Even when you enable persistent caching, torchcache will still store some data in memory, up to max_memory_cache_size bytes, by default 1 GB. In addition, the persistent cache will be limited to max_persistent_cache_size bytes, by default 10 GB. You can adjust these values with the corresponding arguments.

from torchcache import torchcache

 @torchcache(
     persistent=True,
     max_memory_cache_size=5e9, # 5 GB
     max_persistent_cache_size=50e9, # 50 GB
 )
 class MyModule(nn.Module):
     ...

Optimizing cache size

If you want to optimize the cache size, you can play with compression quality and the dtype of cached tensor. By default, tensors are cached with the same dtype as the original tensor without compression. You can use ztsd compression, and change the cache_dtype. Note that the compression quality is only used for persistent caching, and comes with implications on both the speed of caching and loading. For most cases, the default values should be fine.

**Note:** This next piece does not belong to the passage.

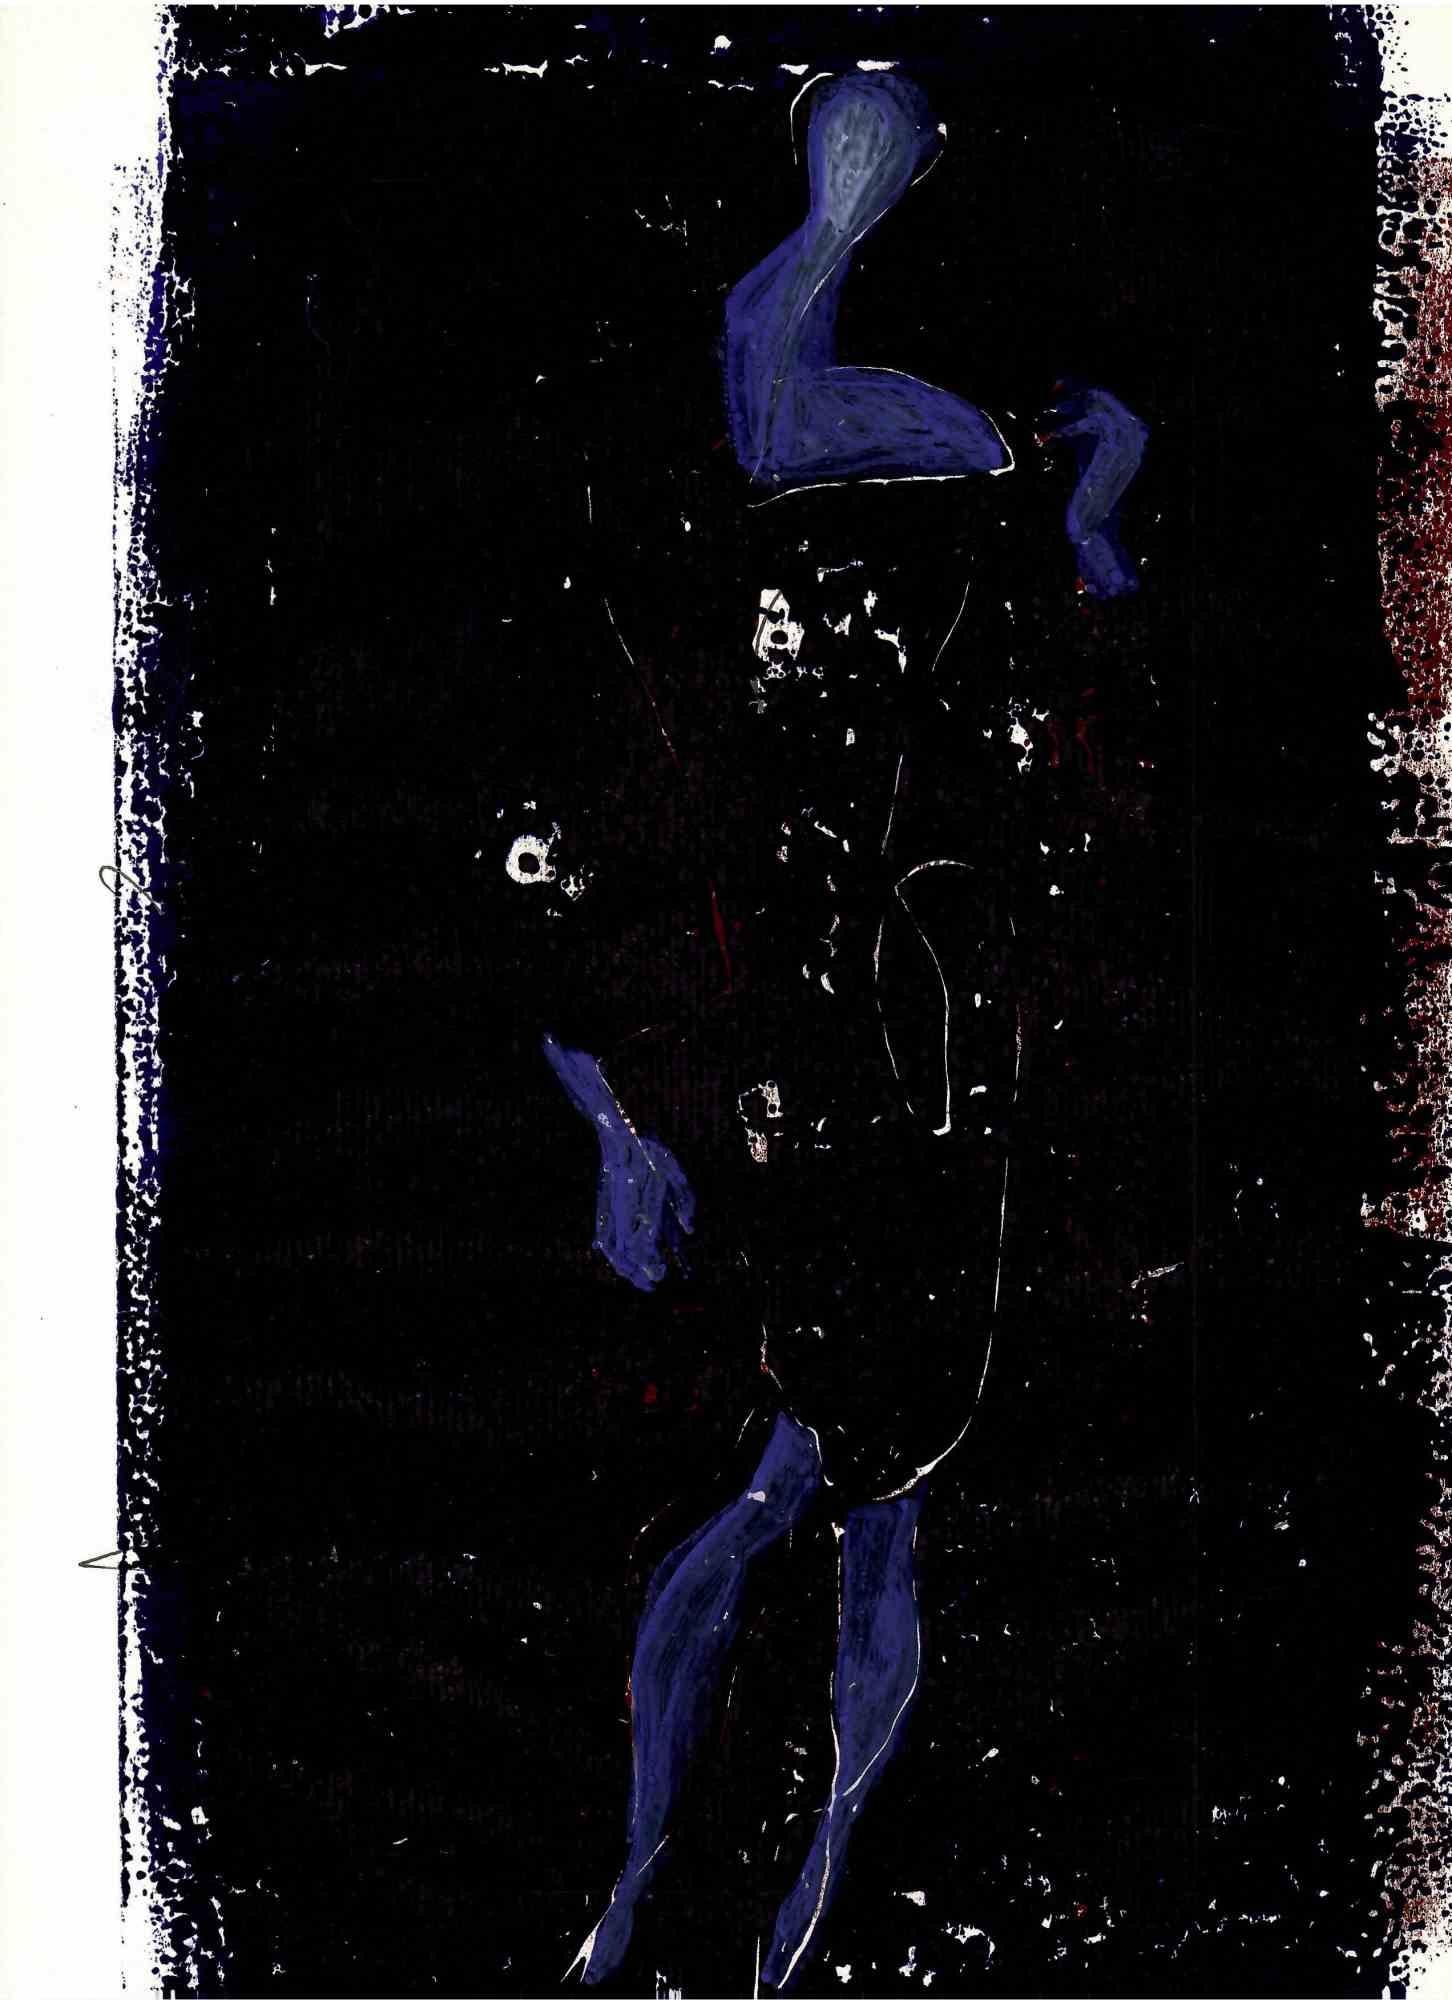 Unknown Abstract Print – Blaue blaue Figur in der dunklen Nacht - Originallithographie - 1970er Jahre

from torchcache import torchcache

 @torchcache(
     persistent=True,
     cache_dtype=torch.half,
     zstd_compression=True,
 )
 class MyModule(nn.Module):
     ...

Setting parameters directly in the module

You can also set the parameters directly inside the decorated module, in case the caching behavior somehow depends on the module’s parameters. In this case, you can set attributes with the magic prefix torchcache_. For example, if you want to set the cache dtype to torch.half and the compression quality to 11, you can do:

from torchcache import torchcache

 @torchcache(persistent=True)
 class MyModule(nn.Module):
     def __init__(self):
         super().__init__()
         self.linear = nn.Linear(10, 10)
         self.torchcache_cache_dtype = torch.half
         self.torchcache_zstd_compression = True

     def forward(self, x):
         # This output will be cached
         return self.linear(x)

Note that the parameters set in the module take precedence over the parameters set in the decorator.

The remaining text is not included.